Earlene you are sweet! Thank you so much for the encouragement :) It is fibers I have and I did buy them to make felted soaps (thinking I'd cover up eventual ugly soaps) but now...now I want them to be PRETTY! With flowers and sunshine and funny faces :p I know I'm doomed. Have to make room for a new hobby.. my appartment is sooo small, I just can't see how. Is it possible to keep the water/mess inside my kitchen sink?? I see research in my near future. Luckily I love research :rolleyes:
 
Hi could you give me a list of supplies you used to make this?? Thanks so much

I have not made one. I have a wooden mold that if I put my rounds (cut smaller in length) I might be able to cut inside it. Have not tried yet

I'm the one who made the cutter and posted the pic last week. I'll post a few pictures and give a bit more info in a separate thread.
 
Made 6 loaves of soap. Two of which are special order for a baby shower. Fingers crossed the colors come out right.

Cross Fingers.jpg
 
Made olive almond baby soap with fresh goats milk. Another oat meal with unrefined organic honey from my bee farm[emoji4] tried a mica pencil line with gold dusted oats. Hope they turn out as i imagine them to be..
Master batched lye..
 
You could, but I think it would be very hard on your back to stand over a sink for too long. Do you have a stool you could sit on while at the sink?

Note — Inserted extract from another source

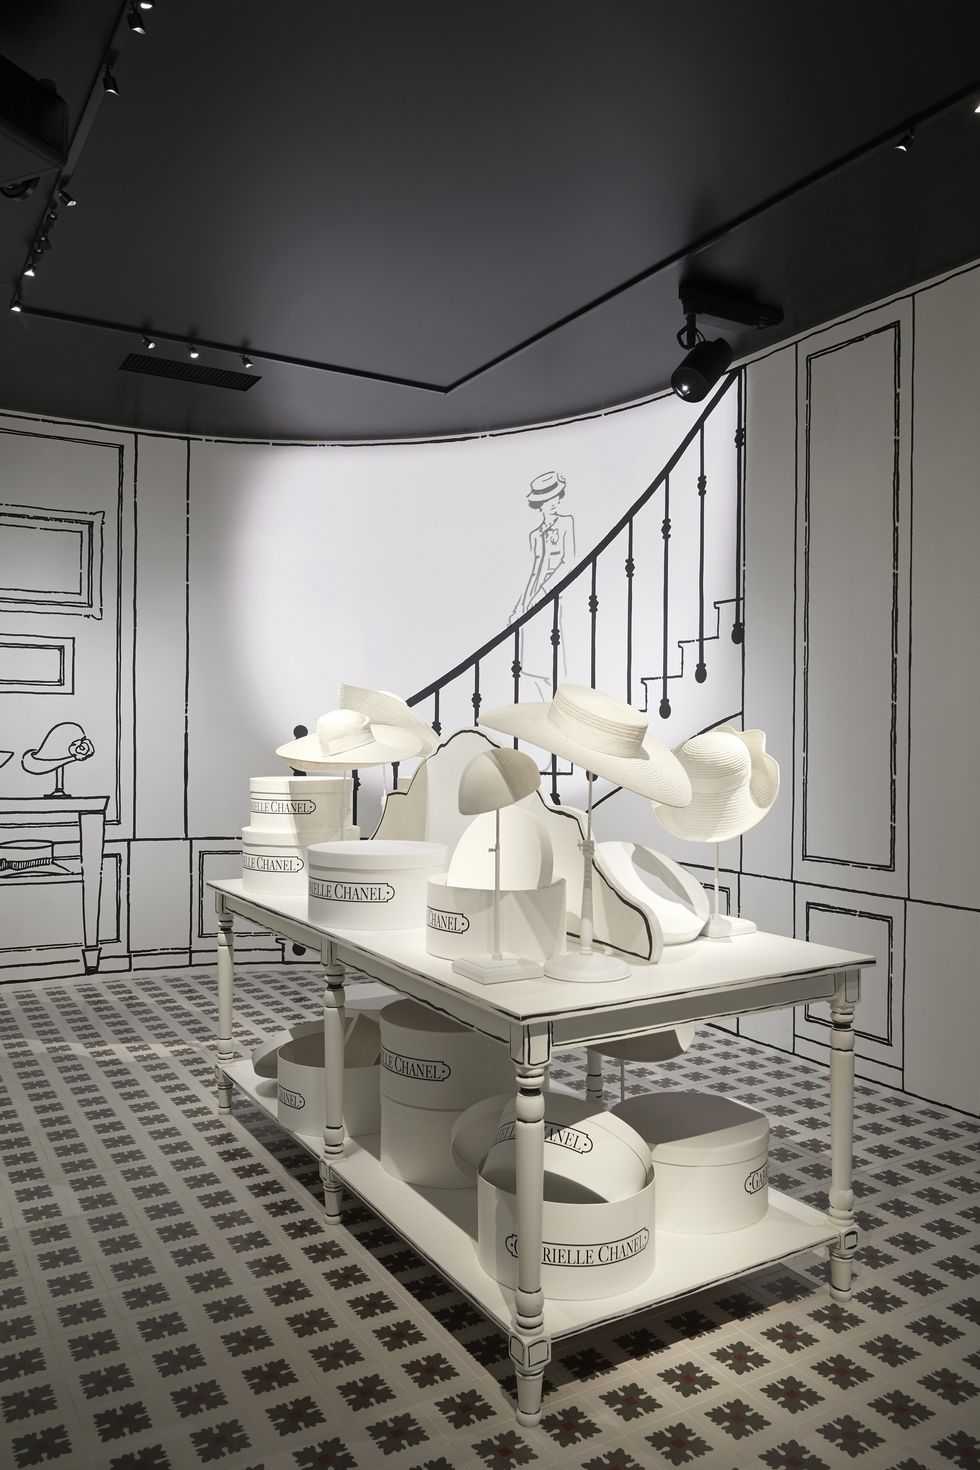 <p>        踏入D MUSEUM的挑高階梯，最先映入眼簾的是香奈兒女士鍾愛的亮漆烏木屏風圖樣屋頂，以及一系列的裝飾藝術作品，接著進入M1樓層內，仿照1913年首家Chanel法國專賣店打造的杜維埃房間（Deauville Room），在裝飾著帽盒及一系列短片的摩登空間內，線條感強烈的優雅圖樣搶佔視覺焦點，同時召喚舊時Chanel記憶再現。<span class="redactor-invisible-space"></span></p>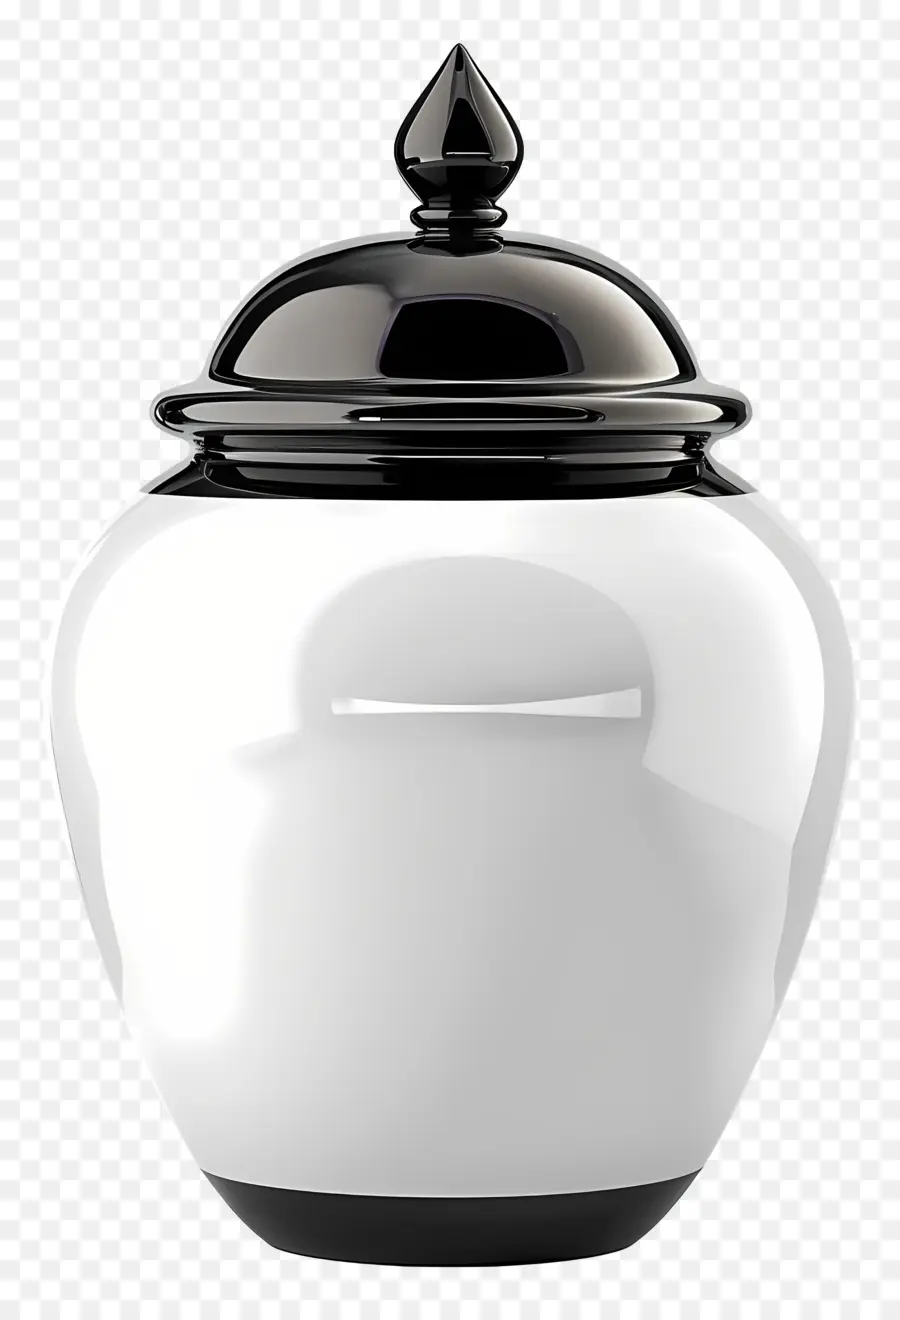 Keramikaufbewahrungsglas Keramikglas Schwarz -Weiß -Griff Speicher - Schwarz -Weiß -Keramikglas mit Griff

When I first learned, my SIL & I felted our soaps outside at a picnic table.

Last weekend and yesterday my granddaughter and I used trays lined with plastic to work on our soapcarvings as a way to prevent the potential mess. That worked very well, but we weren't using water.

I have felted at my dining room table using a tray for containing any water as I worked. When I needed a bit more water, I just walked to the kitchen sink for running water. But for the most part, sitting down with a small squirt bottle and a plastic tray worked perfectly well at the table. Clean up is fairly easy this way.

Earlene you are sweet! Thank you so much for the encouragement :) It is fibers I have and I did buy them to make felted soaps (thinking I'd cover up eventual ugly soaps) but now...now I want them to be PRETTY! With flowers and sunshine and funny faces :p I know I'm doomed. Have to make room for a new hobby.. my appartment is sooo small, I just can't see how. Is it possible to keep the water/mess inside my kitchen sink?? I see research in my near future. Luckily I love research :rolleyes:
 
Gave three bars to an old friend who I met on our annual walk over the Brooklyn Bridge to Ikea. She was astonished that anyone could make soap! And she's incredibly bright. This hobby is a bit... recondite.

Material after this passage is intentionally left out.